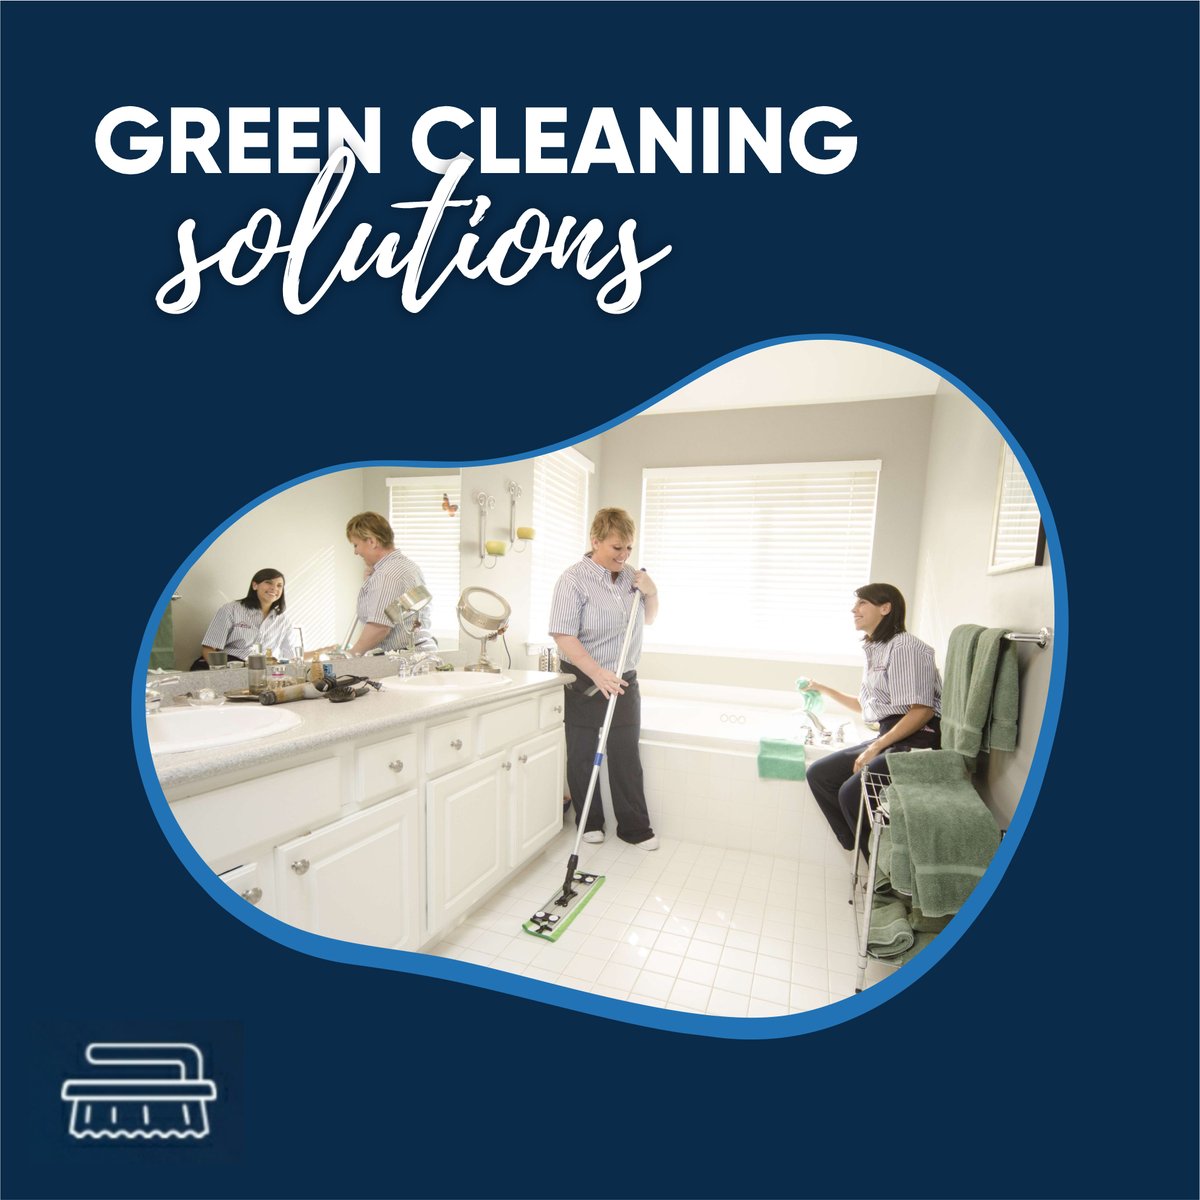 We prioritize the health of our employees and the environment. Our cleaning products are environmentally friendly, ensuring a sustainable and responsible approach to office cleaning.

#GreenCleanOffice #SustainableCleaning #EcoFriendlyWorkplace #HealthyEmployees #EnvironmentFirst
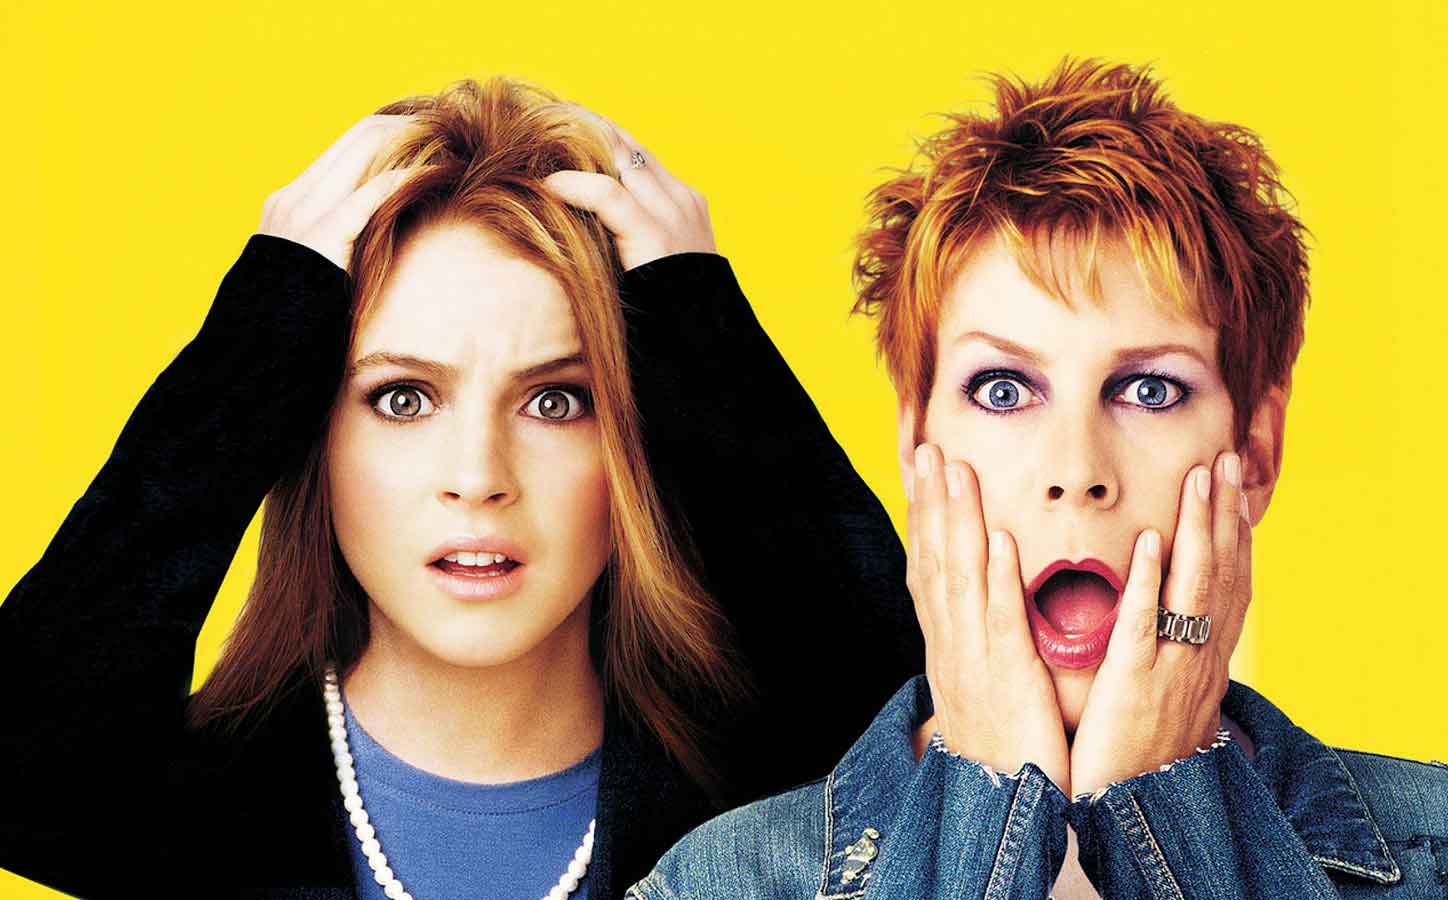 The Disney Channel is rebooting Freaky Friday - as a musical

--- --- ---

Exercise requirements:
Every line of the listing is to be retyped exactly; pictures stay out.

Solution to this problem:
 We prioritize the health of our employees and the environment. Our cleaning products are environmentally friendly, ensuring a sustainable and responsible approach to office cleaning.

#GreenCleanOffice #SustainableCleaning #EcoFriendlyWorkplace #HealthyEmployees #EnvironmentFirst
 The Disney Channel is rebooting Freaky Friday - as a musical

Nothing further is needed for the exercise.